If present AI systems are intelligence imposters, then show, don't tell. Otherwise, you're just providing meaningless metaphysical hairsplitting.

[+] Alchemista|2 years ago|reply
Why not respond to the comments you feel are poorly constructed directly rather than posting what looks like a copy pasta. Some of the items in your list seem like strawmen, because I cannot even find these arguments in this thread as you state them in your list.

For example let's take 4

> 4. "People are just anthropomorphizing computer programs." No, critics are anthropomorphizing intelligence.
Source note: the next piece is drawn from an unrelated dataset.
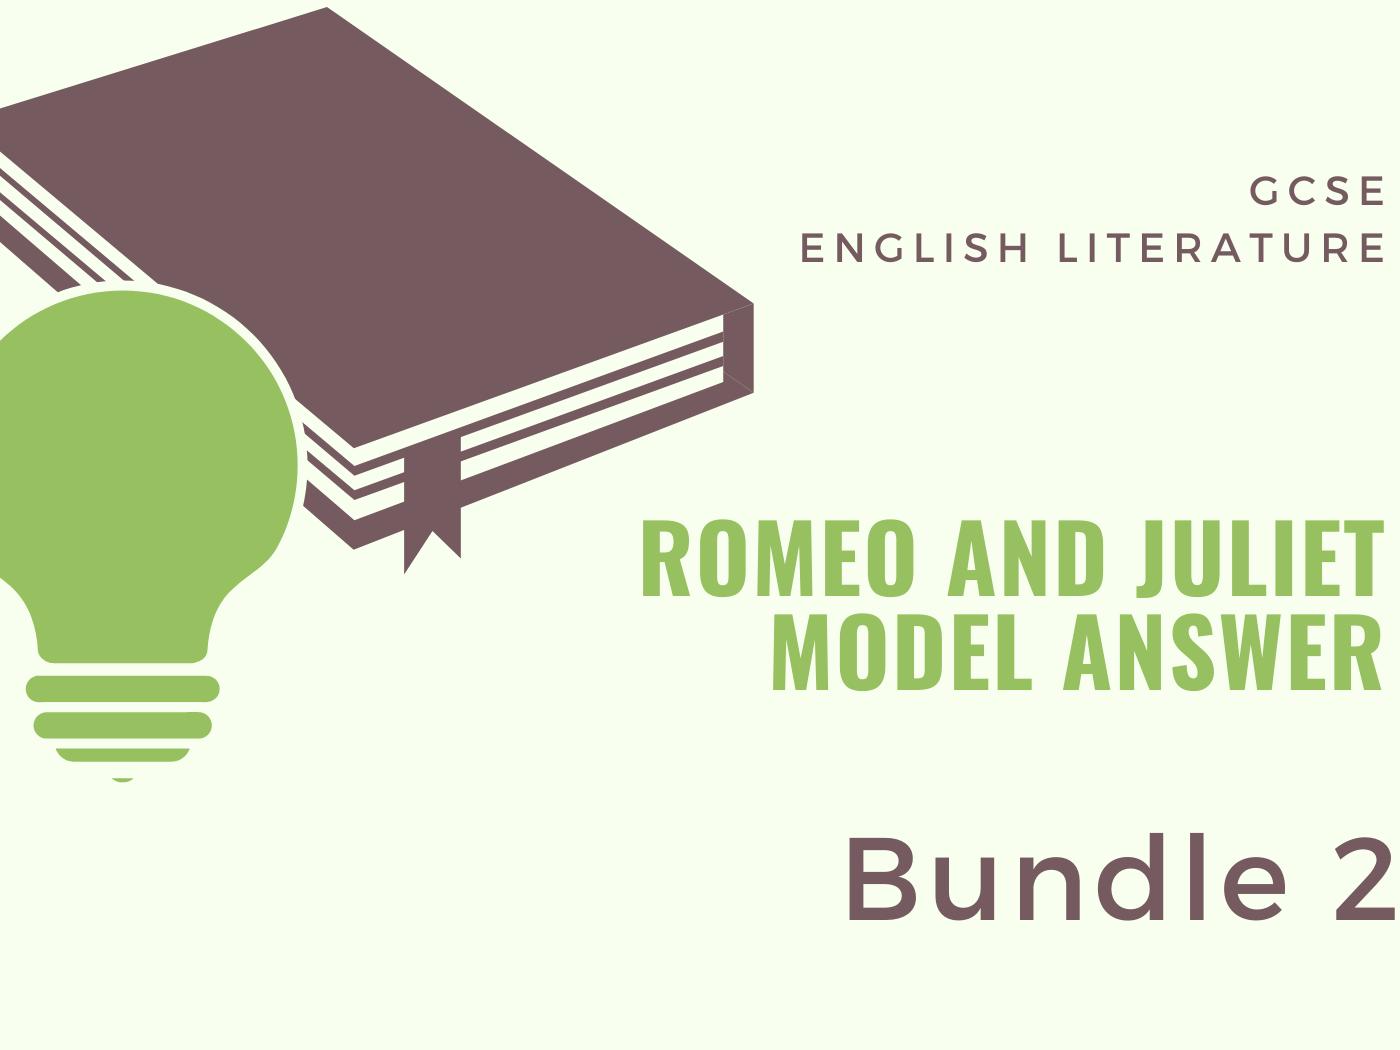 Romeo and Juliet: Model Answers - Bundle 2

There literally was someone comparing the problems with current ML models to childhood development in this thread. How is this not anthropomorphizing LLMs? It is true human cognition is poorly defined, so the comparison is not very useful to begin with. Which is why anthropomorphizing ML models is problematic. If someone makes a fantastical claim they need to provide strong proof to support it.

[+] kthejoker2|2 years ago|reply
Got this great quote from Garry Kasparov in Wired's article on multi-agent RL[1]:

> “Creativity has a human quality. It accepts the notion of failure."

As faithful min-maxers, LLMs are always going to have an overconfident Prisoner's Dilemma blind spot in their algorithms. Unlike their cinematic brethren, they're progammatically unable to conclude with "the only winning move is not to play."

This seems like the next major hill to conquer to make them useful.

[1] https://www.wired.com/story/google-artificial-intelligence-c... - kind of a meh article otherwise

[+] keybored|2 years ago|reply
Disclaimer: didn’t read

The implicit comparison is probably to us. And we aren’t gullible like that perhaps as a flip-side of all the weird built-in biases we have.

So on the one hand we have these cognitive shortcuts that are annoying and impede a sort of stone-cold rationality. On the other hand you can’t social engineer us with something as brain-dead as Walter White-injection by way of asking for a deceased chemist grandma story.

[+] dist-epoch|2 years ago|reply
Because they are at a child level of development. Give it a few years.

https://en.wikipedia.org/wiki/Child_development_stages

[+] Alchemista|2 years ago|reply
I don't think anthropomorphizing ML models is very useful
[+] Verdex|2 years ago|reply
Another possibility is that the only thing that LLMs are doing is encoding the structural data that exists in natural language. For example, you can load a corpus into vector space and then do algebra like:

  let v = man - woman;
  let r = king - v;
  assert( r == queen );
or so I'm told.

And then it turns out that those structures only have the intelligence of a child. Arbitrary LLM and other ML advancements that focus solely on scanning large natural language datasets may never be able to advance past child level intelligence if the intelligence that they're approximating isn't better than a child.